温医师当然知道不会是陶振华打出来的腰伤,然而他却了解卢碧华对前夫病态的维护,以此来激卢碧华开口。
卢碧华顿了顿,叹气道:“是这孩子急于求成。您知道,花样滑冰这一块,能做四周跳的选手,也会尽量选择少做,以此延长运动寿命。但是鹿鹿要强,别人三周,她就四周跳,别人一个曲目一个四周跳,她就两个……过劳过强练习,小伤慢慢成了大伤,她自己也觉得丢人吧——从不跟外人说……”
温医师冷静记录着,温和道:“咨询这几次看来,陶鹿可不是个急于求成的性格。她有要强的一面,但跟急于求成是很不一样的。”他看着卢碧华,微笑悲悯,目光却如剔骨的刀,“是陶鹿爸爸对她寄望太厚了吧?”
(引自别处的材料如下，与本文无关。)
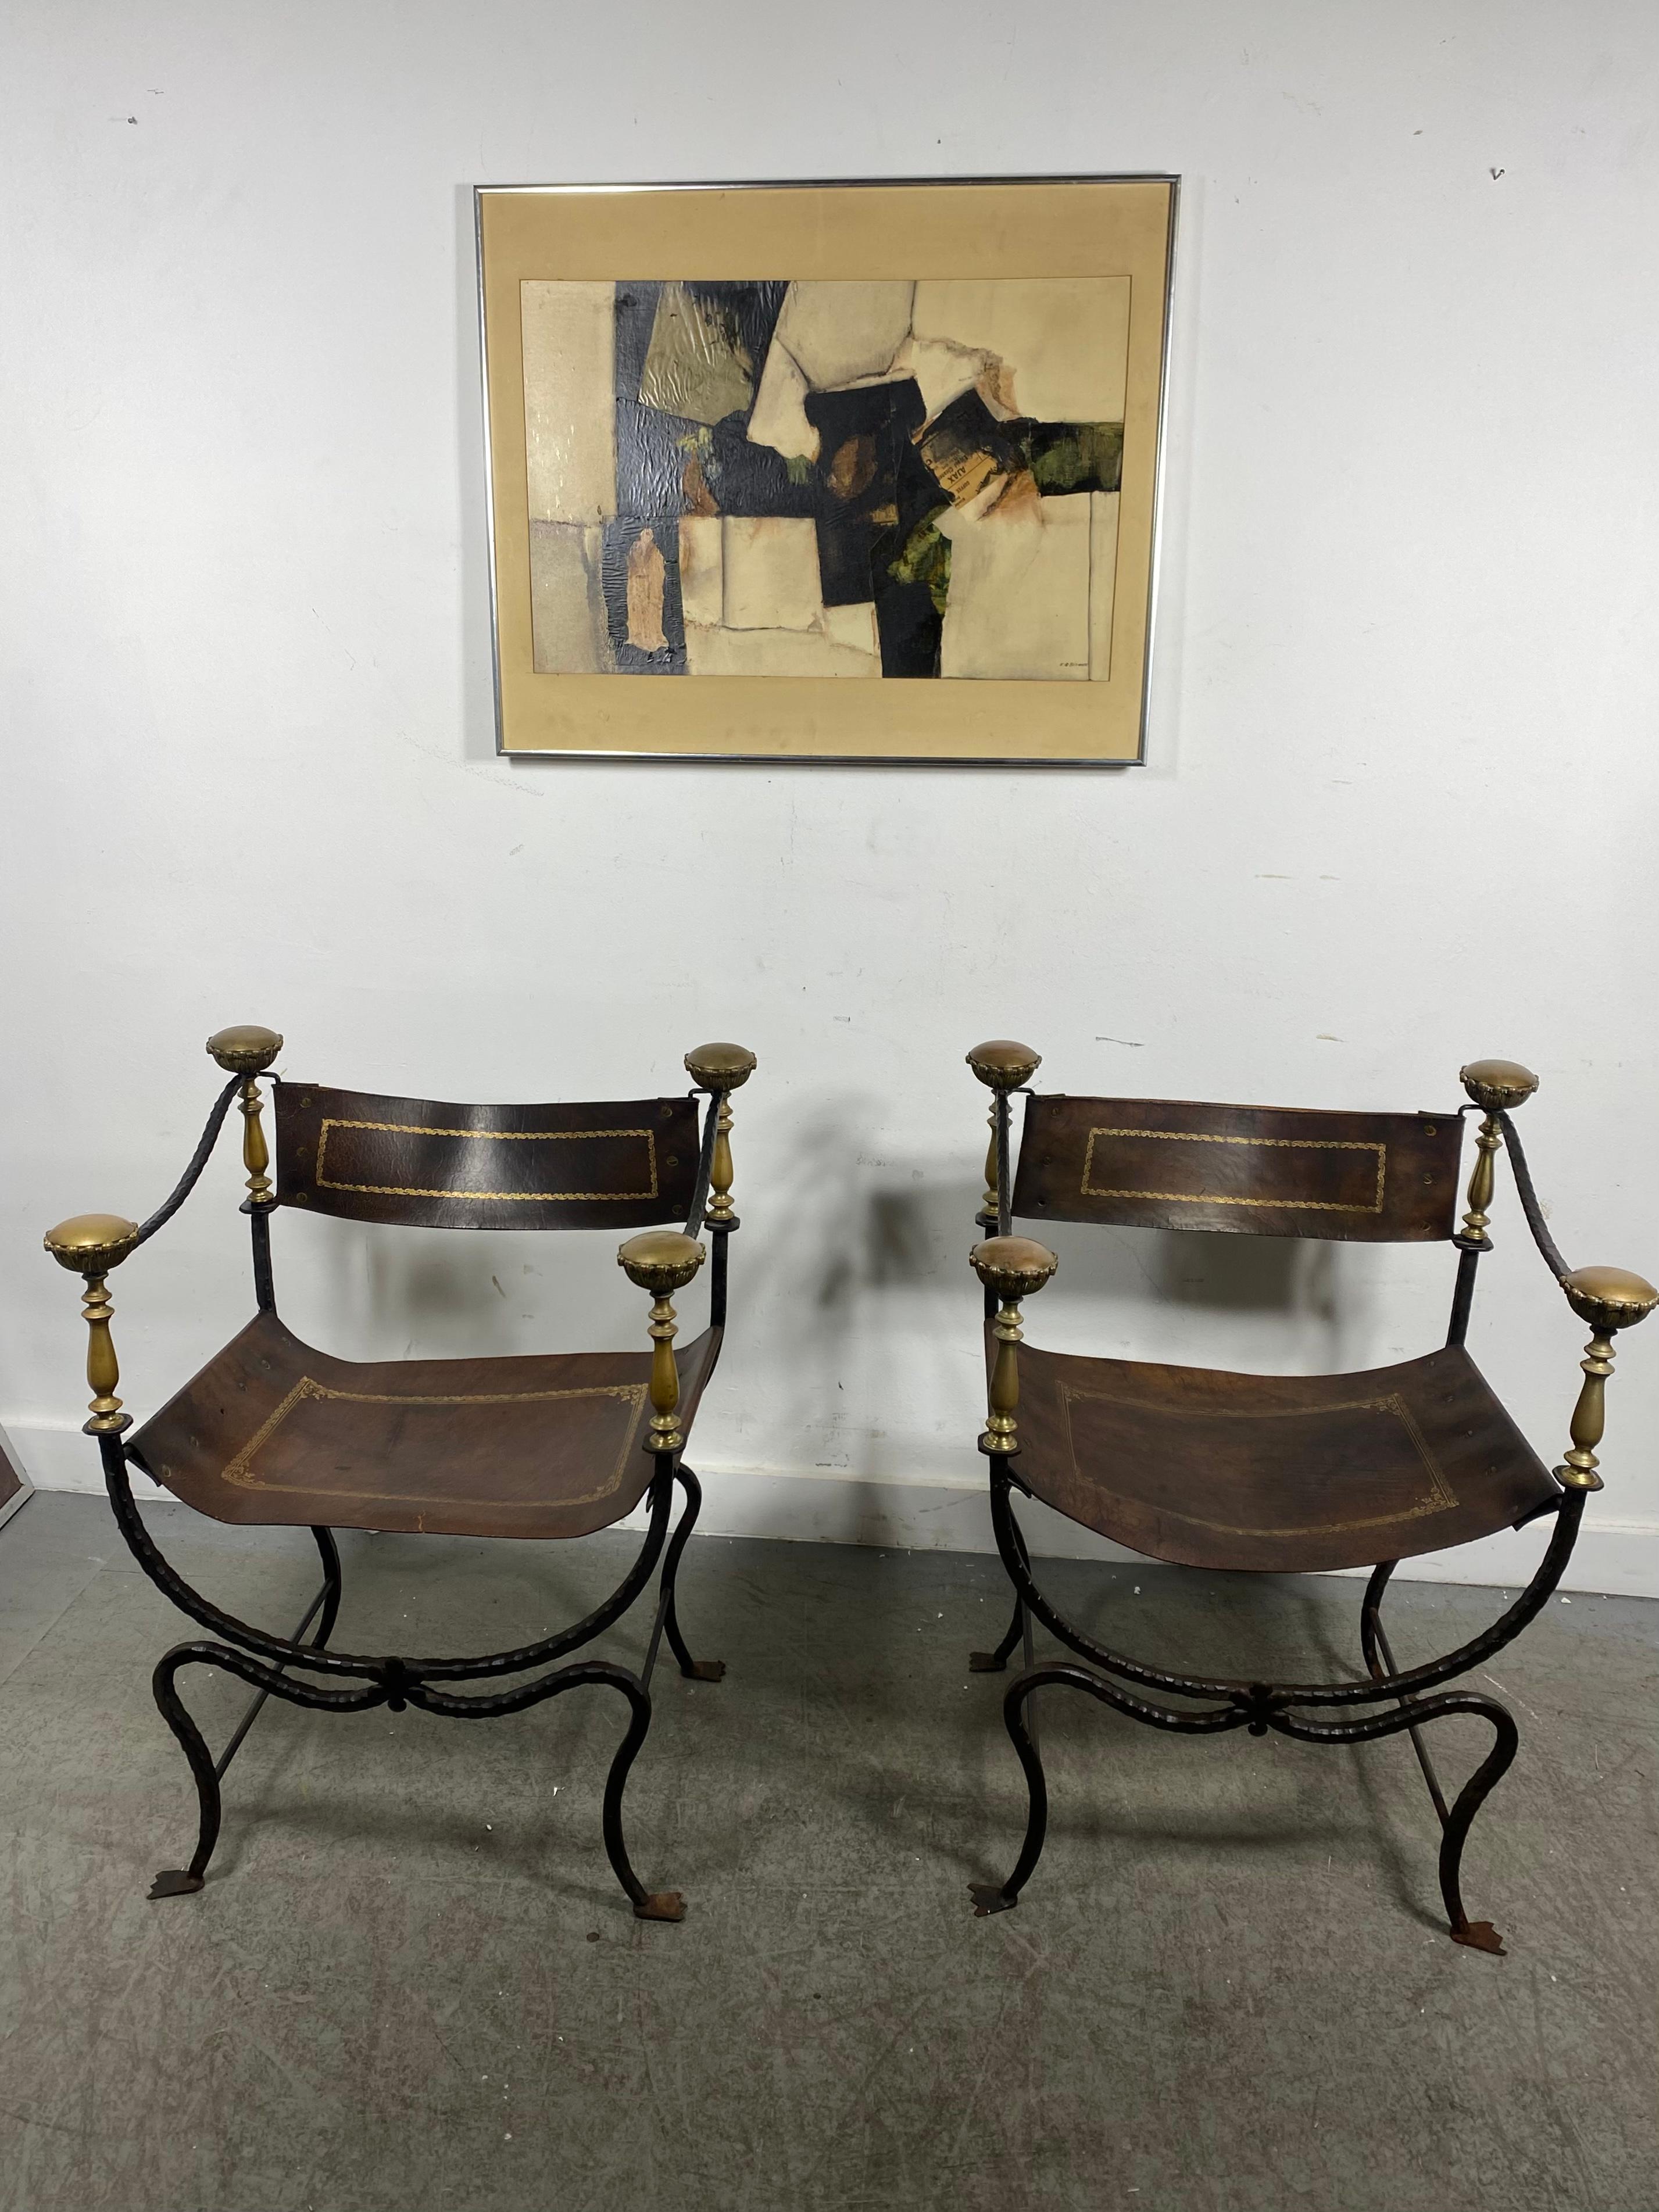 Paire de chaises Savonarola italiennes du 20ème siècle en fer, bronze et cuir,, sièges et dossiers en cuir d'origine, déchirure mineure sur l'une des chaises (voir photo), quelques œillets manquants, châssis en fer présentant une légère rouille,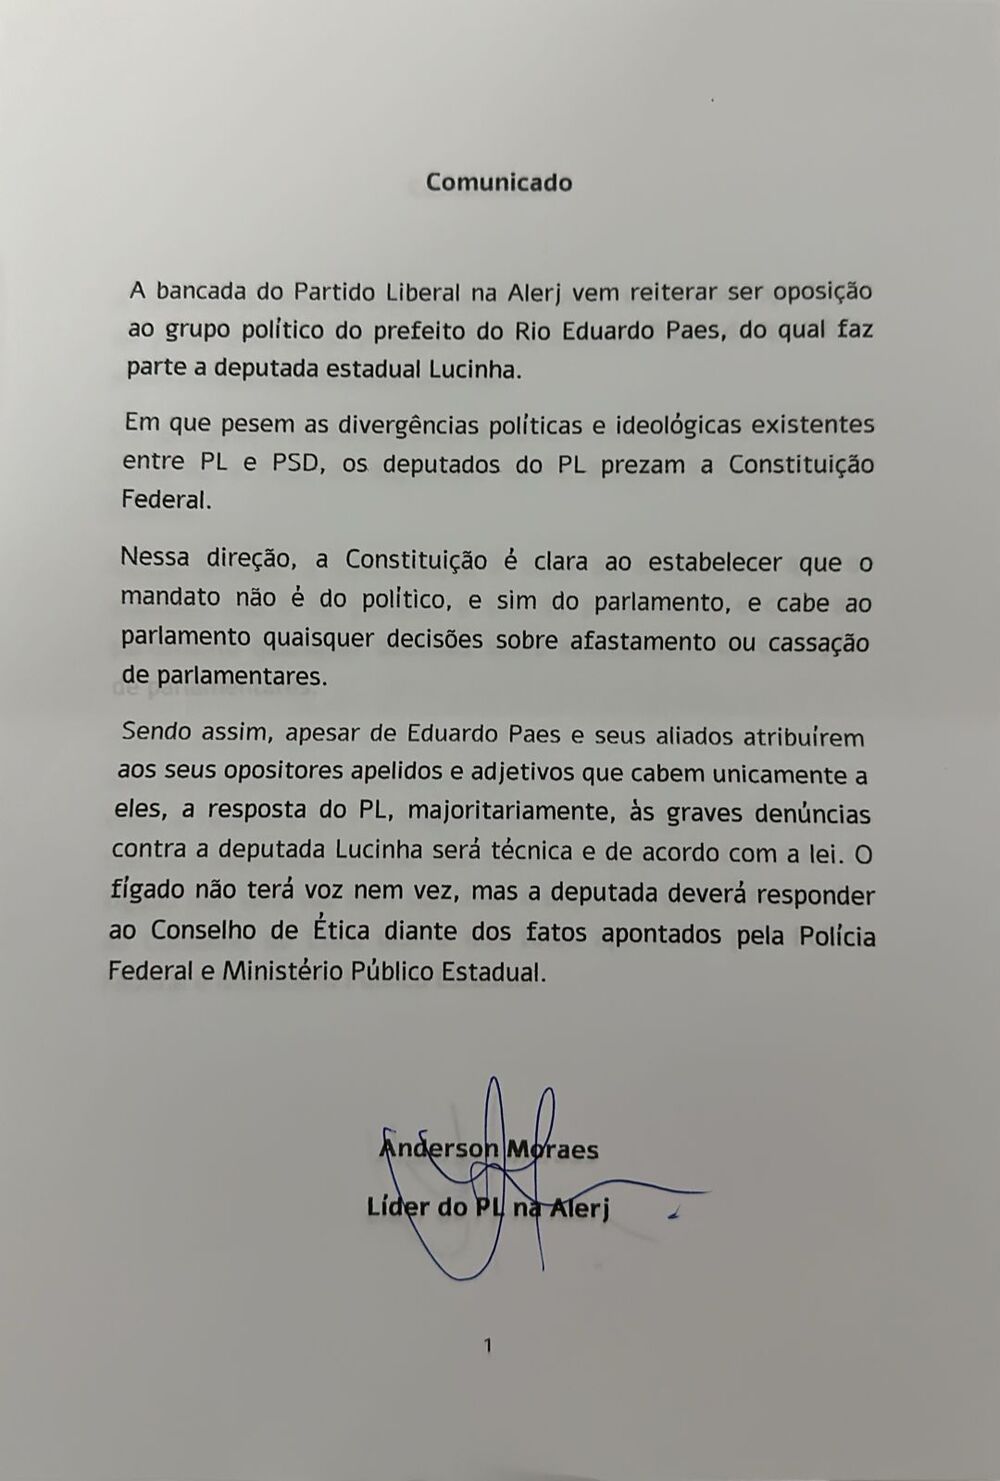 Comunicado expedido nesta quarta-feira (7) pela bancada do PL na Alerj sobre o voto que será dado amanhã no caso contra a deputada Lucinha

“不,不是……”卢碧华瑟缩了一下,出神了半响,小声道:“是我……”她捂住脸,啜泣道:“是我害了孩子,是我鬼迷心窍……最开始知道鹿鹿有花滑天赋的时候,那种真心的高兴自豪,不知道什么时候就消失了——急于求成的人,是我!陶振华生意做得风生水起,可我却一无所有,只有精心栽培的这一个女儿,只有她拿奖,拿越来越多的奖,拿越来越高的奖,我才会……才会……”她表述不出自己的情绪。
温医师适时补了一句,“才会获得代理满足感?”
“对!”卢碧华长吸一口气,擦去泪水,扶着小腹缓了缓,又摇头,“也不全是。”
母亲对女儿的情感,何等复杂,岂是三言两语能说清的。
她索性转而道:“要不是我给孩子压力……所以后来医生说再练下去,人都会废掉,我就怕了。那是我身上十月怀胎割下来的肉,我的骨中骨,我的心头血,我的女儿——有什么能比她的健康更重要?那会儿鹿鹿犯了牛脾气,是我硬压着不许她练了,一开始也好好的,谁知道我和他爸的事儿闹出来,孩子就彻底想偏了……”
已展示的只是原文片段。